To ensure the high availability and fault tolerance of data replication/transformation tasks, by default, Tapdata Cloud does not synchronize the DDL statements from the source database to the target database. If you need to enable this feature, please follow these steps:

  1. When creating or editing a data replication or data transformation task, go to the configuration page of the source database node.

  2. Find the Advanced Settings tab and check if the Sync DDL Events option is available.

  3. Depending on your specific data source type, enable this feature and select the DDL events to be collected.

    This page will display the DDL events that the data source supports collecting, usually including adding fields, modifying field names, modifying field properties, deleting fields.

    DDL Event Collection

    tip

    Besides enabling this switch, the target database must also support DDL application. You can check the support status of various data sources for DDL event collection and DDL apply through the supported data sources document, or in the Advanced Settings of the target node, see the hint for DDL Event Apply.

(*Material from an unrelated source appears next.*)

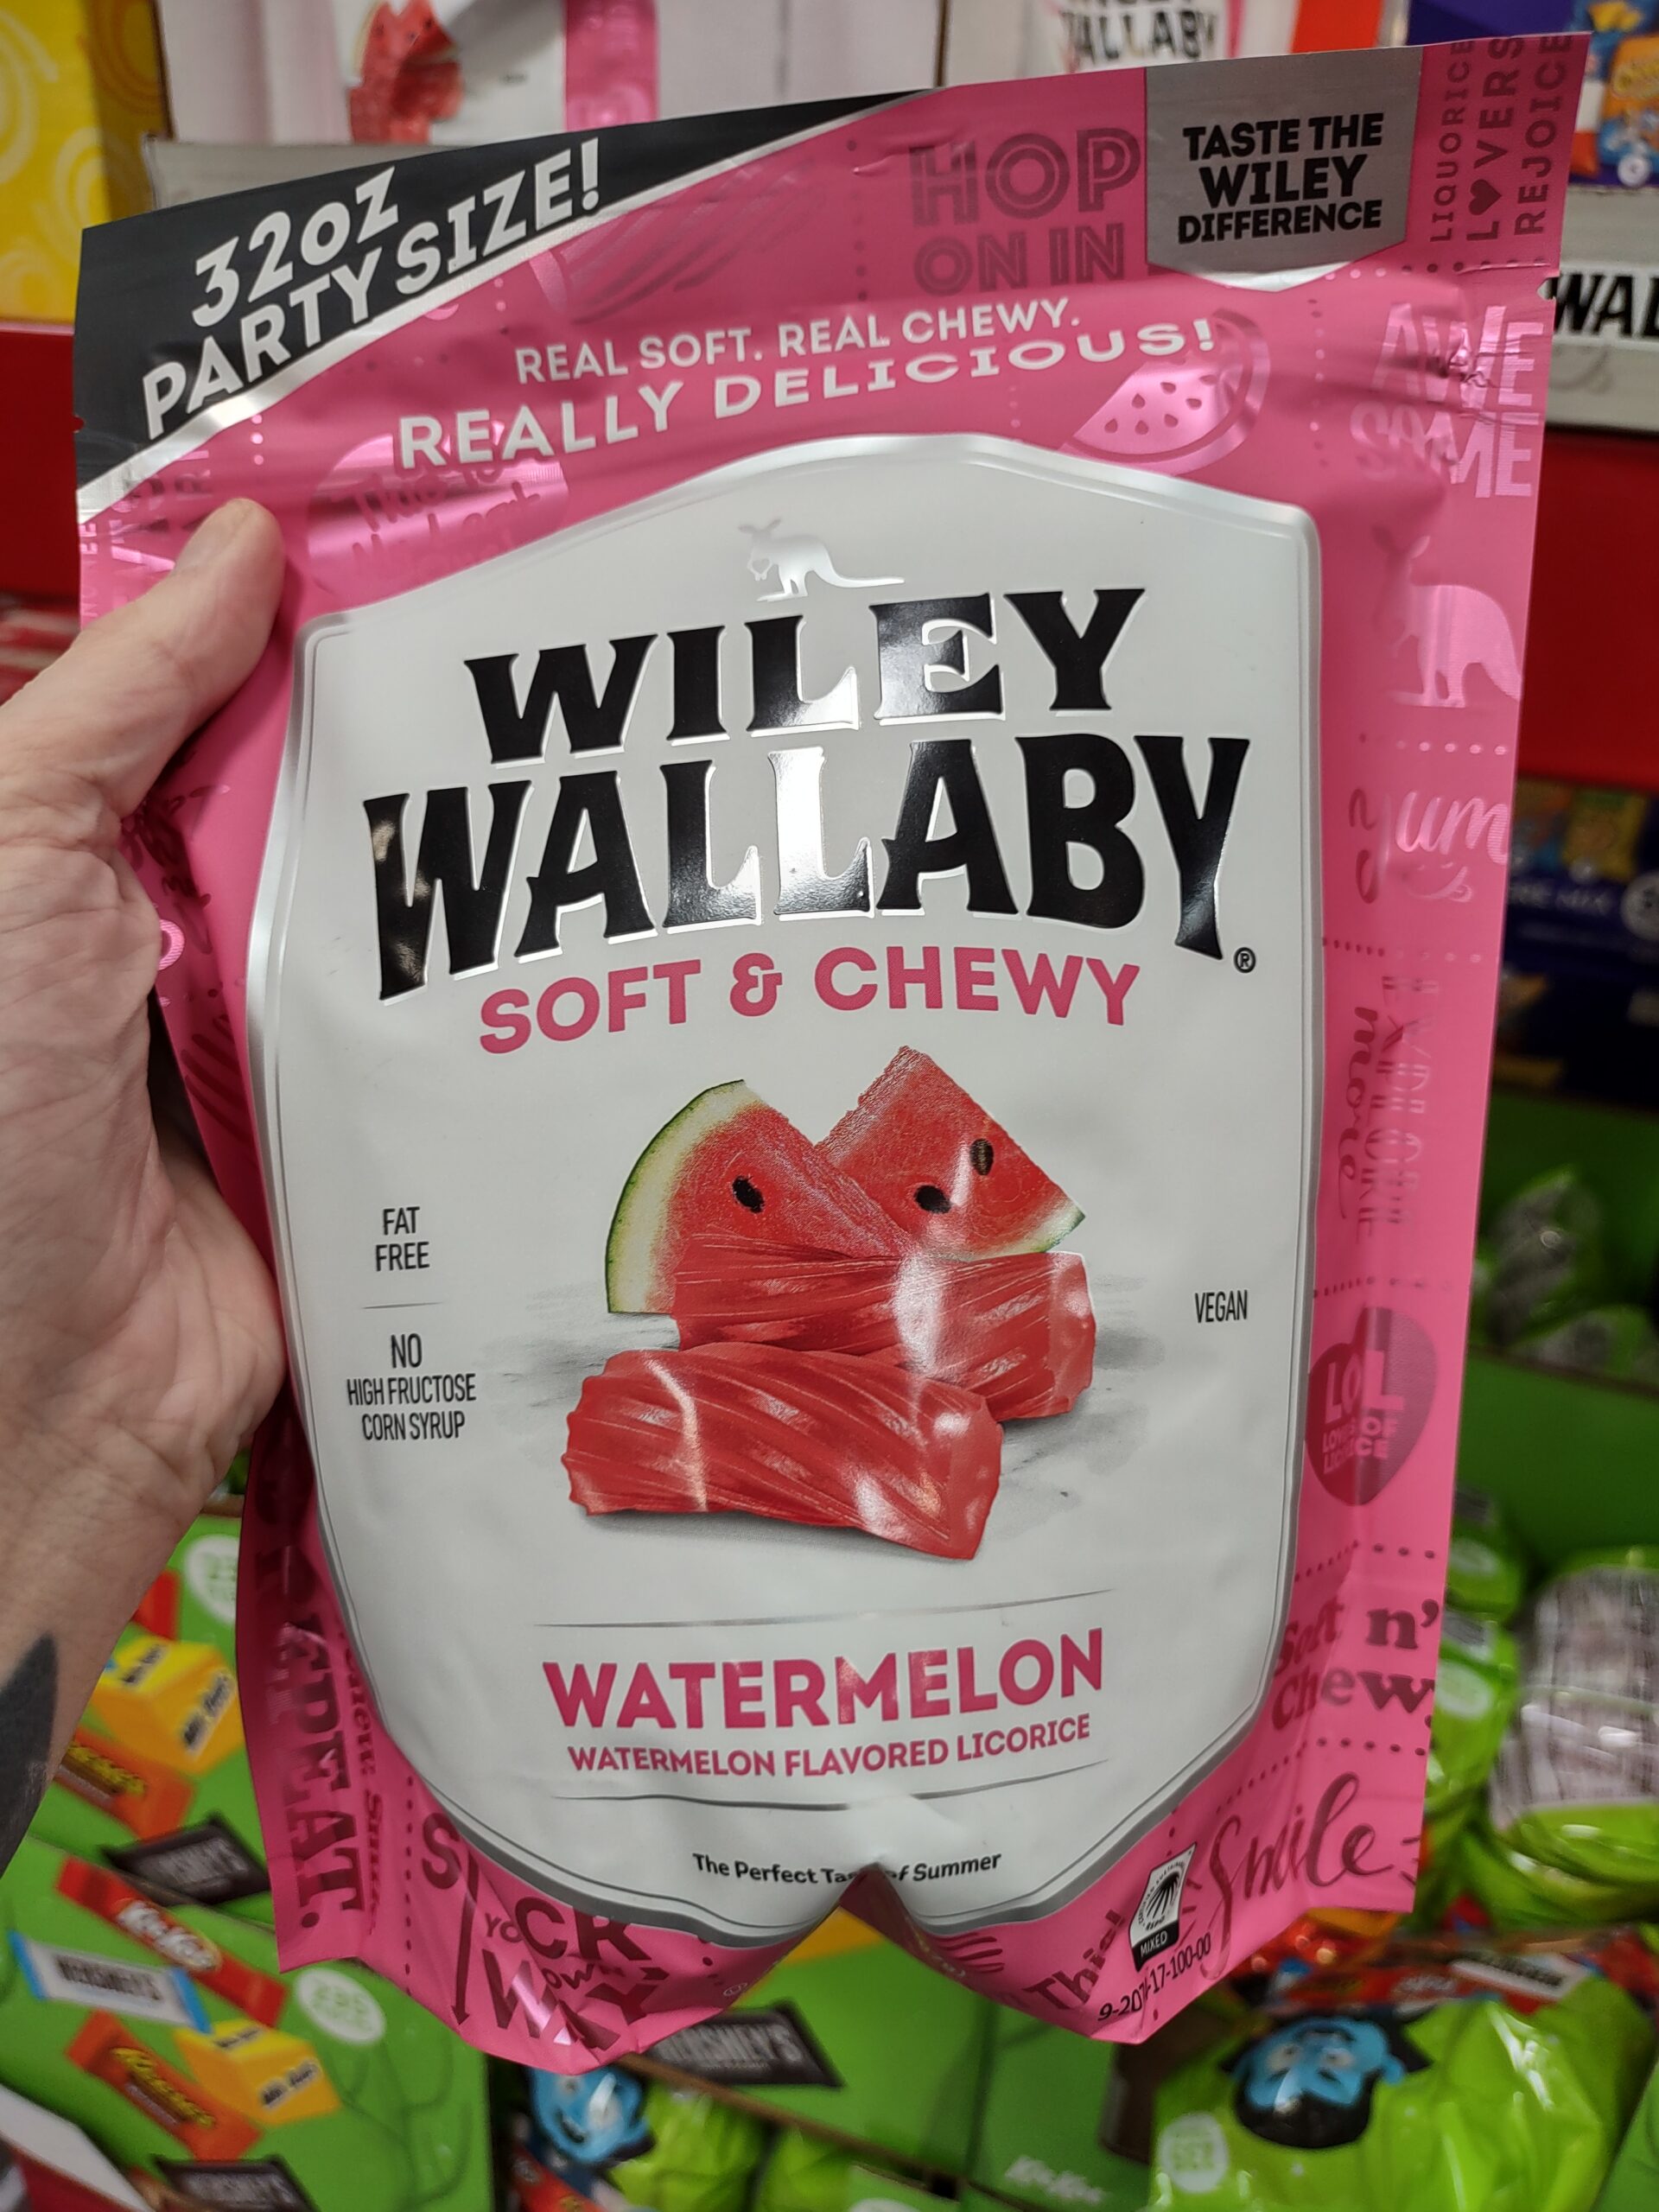 Wiley Wallaby Watermelon Licorice 32oz at Sam’s $2.41

DDL Collection and Apply Overview

DDL CollectionDDL Apply
Add FieldsTapdata Cloud will automatically adapt the field type when adding fields to the target database, for example, converting from MySQL's INT to Oracle's NUMBER(38,0). If there are unsupported column types, this may lead to the failure of adding fields.
Modify Field NamesTapdata Cloud will automatically complete this operation in the target database, be aware of the target database's field naming restrictions.
Modify Field AttributesWhen synchronizing between different types of databases (for example, from MySQL to Oracle), ensure that the target database supports the changed data types and attributes. Otherwise, this may lead to errors or interruptions in the synchronization task.
Delete FieldsDeleting columns from the source table can have a severe impact on the data pipeline, especially when the column is a key part of the data processing logic, such as a primary key or as a field for update conditions in the synchronization link. Before making such changes, ensure that other components in the data pipeline no longer depend on this column.
tip

For data sources with weak Schema constraints, the Schema information of historical data will not be changed. For example, when Kafka as a target database, Kafka will save the details of the DDL change in its messages, and subsequent consumption can be aware of the occurred DDL details.

If a DDL synchronization error causes a data synchronization task to interrupt, you can either undo the relevant DDL operation in the source database or choose to reload the source database's Schema, then reset and restart the task to repair it.

Additionally, consulting the task log and error codes can aid in identifying and rectifying the root causes of the task failure. A normal DDL collection and application log example is as follows:

DDL Log Information

Best Practices for DDL Changes

To safely manage DDL changes and reduce the potential risk to data synchronization tasks, it is recommended to follow these best practices:

  1. Pre-change Verification: Verify the full extent of DDL changes in a test environment before applying them in a production environment to identify potential issues that may interrupt synchronization.
  2. Planning and Notification: Schedule DDL changes during off-peak business hours and notify related teams in advance.
  3. Pipeline Configuration Updates: Regularly review and update your data pipeline configurations to match the latest table structures.
  4. Monitoring and Alerts: Set up monitoring and alerts for your data pipelines to respond quickly to unsupported DDL operations.